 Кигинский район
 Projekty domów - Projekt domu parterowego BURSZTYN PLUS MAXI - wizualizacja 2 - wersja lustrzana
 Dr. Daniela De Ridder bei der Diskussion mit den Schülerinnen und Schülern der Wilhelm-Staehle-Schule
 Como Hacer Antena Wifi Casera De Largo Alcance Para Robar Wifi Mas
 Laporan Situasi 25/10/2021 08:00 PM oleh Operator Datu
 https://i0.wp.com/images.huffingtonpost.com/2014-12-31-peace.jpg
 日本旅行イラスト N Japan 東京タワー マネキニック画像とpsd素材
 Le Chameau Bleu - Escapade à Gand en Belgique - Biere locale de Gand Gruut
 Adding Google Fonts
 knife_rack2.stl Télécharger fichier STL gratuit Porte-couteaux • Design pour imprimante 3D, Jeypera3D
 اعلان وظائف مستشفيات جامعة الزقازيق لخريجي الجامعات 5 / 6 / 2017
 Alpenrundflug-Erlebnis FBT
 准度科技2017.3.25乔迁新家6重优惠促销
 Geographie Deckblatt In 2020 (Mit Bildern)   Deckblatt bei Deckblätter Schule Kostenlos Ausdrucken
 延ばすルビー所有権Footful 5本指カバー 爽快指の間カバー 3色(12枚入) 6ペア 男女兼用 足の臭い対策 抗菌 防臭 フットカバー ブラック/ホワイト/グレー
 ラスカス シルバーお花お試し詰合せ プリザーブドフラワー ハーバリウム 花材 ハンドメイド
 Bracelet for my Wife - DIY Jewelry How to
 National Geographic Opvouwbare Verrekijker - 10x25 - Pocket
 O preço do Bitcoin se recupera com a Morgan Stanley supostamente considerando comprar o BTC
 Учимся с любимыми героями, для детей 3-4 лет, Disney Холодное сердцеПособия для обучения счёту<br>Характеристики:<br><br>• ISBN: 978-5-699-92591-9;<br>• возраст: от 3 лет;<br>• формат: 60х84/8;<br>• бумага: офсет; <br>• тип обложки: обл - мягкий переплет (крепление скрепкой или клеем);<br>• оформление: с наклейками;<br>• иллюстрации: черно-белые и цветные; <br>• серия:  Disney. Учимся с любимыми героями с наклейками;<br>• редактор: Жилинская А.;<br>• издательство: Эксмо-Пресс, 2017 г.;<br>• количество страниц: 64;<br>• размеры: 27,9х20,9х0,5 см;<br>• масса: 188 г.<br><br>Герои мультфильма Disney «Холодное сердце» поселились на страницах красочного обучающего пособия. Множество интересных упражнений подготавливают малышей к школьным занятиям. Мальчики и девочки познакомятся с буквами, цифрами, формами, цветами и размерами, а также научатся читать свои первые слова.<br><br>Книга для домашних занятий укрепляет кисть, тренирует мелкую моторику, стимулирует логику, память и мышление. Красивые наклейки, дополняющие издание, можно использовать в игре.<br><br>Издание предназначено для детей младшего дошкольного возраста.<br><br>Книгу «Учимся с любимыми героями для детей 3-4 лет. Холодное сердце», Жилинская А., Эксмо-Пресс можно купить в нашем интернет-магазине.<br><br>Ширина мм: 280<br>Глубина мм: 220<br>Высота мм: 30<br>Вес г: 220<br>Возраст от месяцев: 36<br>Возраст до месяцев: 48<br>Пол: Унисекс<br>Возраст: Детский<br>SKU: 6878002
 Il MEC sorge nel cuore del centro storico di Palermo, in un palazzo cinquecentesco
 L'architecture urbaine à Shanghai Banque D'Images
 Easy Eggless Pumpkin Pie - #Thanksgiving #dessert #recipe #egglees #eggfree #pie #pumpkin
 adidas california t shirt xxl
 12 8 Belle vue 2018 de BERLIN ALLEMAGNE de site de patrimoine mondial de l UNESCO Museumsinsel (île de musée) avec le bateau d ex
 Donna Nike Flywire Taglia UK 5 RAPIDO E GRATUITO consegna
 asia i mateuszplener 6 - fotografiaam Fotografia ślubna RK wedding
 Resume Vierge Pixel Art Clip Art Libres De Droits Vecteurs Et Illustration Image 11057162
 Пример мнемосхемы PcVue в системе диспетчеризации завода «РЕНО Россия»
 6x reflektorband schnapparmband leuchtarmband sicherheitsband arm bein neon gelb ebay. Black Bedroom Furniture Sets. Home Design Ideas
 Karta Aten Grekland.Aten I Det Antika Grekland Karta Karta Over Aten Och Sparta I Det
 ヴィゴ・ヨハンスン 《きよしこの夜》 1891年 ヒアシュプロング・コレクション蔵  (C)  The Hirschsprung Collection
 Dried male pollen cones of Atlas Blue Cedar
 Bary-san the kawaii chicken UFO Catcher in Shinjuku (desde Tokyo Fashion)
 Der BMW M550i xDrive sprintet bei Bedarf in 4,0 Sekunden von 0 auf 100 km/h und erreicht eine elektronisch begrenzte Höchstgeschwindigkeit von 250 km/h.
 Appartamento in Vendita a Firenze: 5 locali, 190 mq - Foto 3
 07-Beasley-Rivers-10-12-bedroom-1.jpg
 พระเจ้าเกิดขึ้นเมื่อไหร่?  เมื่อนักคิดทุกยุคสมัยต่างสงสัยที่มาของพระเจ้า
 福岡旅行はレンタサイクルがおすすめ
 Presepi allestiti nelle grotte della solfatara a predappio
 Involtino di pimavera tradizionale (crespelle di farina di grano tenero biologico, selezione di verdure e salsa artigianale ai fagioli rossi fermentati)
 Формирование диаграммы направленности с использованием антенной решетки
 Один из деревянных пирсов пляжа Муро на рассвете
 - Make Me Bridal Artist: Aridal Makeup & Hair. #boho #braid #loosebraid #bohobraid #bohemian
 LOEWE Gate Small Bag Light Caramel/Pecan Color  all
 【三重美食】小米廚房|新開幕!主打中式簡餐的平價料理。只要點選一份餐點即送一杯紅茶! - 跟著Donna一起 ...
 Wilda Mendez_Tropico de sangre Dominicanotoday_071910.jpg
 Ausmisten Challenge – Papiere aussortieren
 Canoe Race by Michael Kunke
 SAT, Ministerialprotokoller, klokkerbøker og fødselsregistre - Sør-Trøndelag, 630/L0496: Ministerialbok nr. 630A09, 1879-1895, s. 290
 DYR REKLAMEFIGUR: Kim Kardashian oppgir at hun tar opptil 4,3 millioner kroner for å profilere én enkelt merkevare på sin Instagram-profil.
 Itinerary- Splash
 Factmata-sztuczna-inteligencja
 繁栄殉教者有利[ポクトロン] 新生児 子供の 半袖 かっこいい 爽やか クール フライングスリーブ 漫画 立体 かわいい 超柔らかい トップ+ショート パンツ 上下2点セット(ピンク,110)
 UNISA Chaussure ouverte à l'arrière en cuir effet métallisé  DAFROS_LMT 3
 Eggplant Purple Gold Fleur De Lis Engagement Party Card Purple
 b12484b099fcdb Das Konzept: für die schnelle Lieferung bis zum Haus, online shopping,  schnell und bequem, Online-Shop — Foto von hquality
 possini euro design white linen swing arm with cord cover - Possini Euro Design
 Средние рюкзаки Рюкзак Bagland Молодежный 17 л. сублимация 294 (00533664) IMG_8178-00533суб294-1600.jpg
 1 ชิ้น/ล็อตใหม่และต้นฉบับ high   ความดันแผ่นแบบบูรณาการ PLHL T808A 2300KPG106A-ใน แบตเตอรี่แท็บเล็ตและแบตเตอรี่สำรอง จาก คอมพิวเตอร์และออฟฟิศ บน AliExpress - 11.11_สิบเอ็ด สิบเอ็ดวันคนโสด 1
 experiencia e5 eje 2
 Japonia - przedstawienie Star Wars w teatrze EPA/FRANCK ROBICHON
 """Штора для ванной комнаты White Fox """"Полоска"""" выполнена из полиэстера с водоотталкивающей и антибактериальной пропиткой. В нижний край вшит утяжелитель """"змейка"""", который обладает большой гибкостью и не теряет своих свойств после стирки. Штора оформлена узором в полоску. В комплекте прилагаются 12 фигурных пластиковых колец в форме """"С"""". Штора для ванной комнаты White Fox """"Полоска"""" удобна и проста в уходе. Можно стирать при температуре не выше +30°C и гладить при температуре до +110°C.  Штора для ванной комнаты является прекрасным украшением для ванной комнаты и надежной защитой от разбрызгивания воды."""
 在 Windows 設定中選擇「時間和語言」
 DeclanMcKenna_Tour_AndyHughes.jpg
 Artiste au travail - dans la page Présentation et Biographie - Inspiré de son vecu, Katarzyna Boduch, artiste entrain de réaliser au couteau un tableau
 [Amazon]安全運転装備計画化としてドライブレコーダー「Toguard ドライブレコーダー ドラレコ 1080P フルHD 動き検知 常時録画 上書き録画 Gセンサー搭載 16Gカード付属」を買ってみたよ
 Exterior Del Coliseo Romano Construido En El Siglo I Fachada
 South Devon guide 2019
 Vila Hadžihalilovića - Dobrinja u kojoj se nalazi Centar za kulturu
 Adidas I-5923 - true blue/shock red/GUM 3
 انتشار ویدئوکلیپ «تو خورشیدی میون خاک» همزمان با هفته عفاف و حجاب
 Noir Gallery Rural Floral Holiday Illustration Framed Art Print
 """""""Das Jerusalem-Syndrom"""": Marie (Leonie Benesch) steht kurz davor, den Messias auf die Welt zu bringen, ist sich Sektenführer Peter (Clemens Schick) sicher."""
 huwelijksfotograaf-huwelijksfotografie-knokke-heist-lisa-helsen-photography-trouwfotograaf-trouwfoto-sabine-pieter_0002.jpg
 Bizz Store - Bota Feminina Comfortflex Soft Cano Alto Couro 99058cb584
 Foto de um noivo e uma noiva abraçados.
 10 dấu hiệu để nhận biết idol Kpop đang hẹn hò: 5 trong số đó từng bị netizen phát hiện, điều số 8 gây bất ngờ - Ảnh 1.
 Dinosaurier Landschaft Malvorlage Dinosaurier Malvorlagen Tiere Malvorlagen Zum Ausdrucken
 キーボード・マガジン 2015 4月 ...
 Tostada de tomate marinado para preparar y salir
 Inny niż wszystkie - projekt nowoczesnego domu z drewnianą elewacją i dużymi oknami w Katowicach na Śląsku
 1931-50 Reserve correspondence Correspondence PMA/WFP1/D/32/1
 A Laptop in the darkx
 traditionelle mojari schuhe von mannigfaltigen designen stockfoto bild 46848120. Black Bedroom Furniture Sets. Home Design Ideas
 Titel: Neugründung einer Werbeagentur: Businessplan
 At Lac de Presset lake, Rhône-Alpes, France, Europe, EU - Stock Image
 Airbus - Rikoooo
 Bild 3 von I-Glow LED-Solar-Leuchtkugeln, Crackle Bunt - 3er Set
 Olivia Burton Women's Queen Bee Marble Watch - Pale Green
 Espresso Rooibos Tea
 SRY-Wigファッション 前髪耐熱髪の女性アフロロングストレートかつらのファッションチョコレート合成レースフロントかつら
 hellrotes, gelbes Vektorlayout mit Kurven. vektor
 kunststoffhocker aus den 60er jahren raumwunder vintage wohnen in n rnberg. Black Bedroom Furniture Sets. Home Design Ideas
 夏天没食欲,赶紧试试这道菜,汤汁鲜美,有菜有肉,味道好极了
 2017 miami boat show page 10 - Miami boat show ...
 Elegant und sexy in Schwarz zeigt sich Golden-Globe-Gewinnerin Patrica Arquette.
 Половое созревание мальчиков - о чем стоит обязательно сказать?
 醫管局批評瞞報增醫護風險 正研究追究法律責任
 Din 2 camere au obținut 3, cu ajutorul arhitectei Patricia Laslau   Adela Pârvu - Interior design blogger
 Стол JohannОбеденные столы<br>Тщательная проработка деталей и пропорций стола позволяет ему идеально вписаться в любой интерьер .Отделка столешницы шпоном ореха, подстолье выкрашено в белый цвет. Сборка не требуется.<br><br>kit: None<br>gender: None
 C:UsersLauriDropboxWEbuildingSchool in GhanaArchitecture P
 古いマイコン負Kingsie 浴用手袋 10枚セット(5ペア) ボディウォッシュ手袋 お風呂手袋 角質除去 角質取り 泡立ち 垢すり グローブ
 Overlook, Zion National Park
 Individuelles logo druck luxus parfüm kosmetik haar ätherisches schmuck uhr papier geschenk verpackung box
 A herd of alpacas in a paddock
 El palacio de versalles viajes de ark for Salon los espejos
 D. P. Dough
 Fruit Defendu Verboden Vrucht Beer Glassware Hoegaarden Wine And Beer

# Work item:
Transcribe verbatim. Cover the lines from the first line of the entries above to the line containing "准度科技2017.3.25乔迁新家6重优惠促销", inclusive.

# Task response:
 Кигинский район
 Projekty domów - Projekt domu parterowego BURSZTYN PLUS MAXI - wizualizacja 2 - wersja lustrzana
 Dr. Daniela De Ridder bei der Diskussion mit den Schülerinnen und Schülern der Wilhelm-Staehle-Schule
 Como Hacer Antena Wifi Casera De Largo Alcance Para Robar Wifi Mas
 Laporan Situasi 25/10/2021 08:00 PM oleh Operator Datu
 https://i0.wp.com/images.huffingtonpost.com/2014-12-31-peace.jpg
 日本旅行イラスト N Japan 東京タワー マネキニック画像とpsd素材
 Le Chameau Bleu - Escapade à Gand en Belgique - Biere locale de Gand Gruut
 Adding Google Fonts
 knife_rack2.stl Télécharger fichier STL gratuit Porte-couteaux • Design pour imprimante 3D, Jeypera3D
 اعلان وظائف مستشفيات جامعة الزقازيق لخريجي الجامعات 5 / 6 / 2017
 Alpenrundflug-Erlebnis FBT
 准度科技2017.3.25乔迁新家6重优惠促销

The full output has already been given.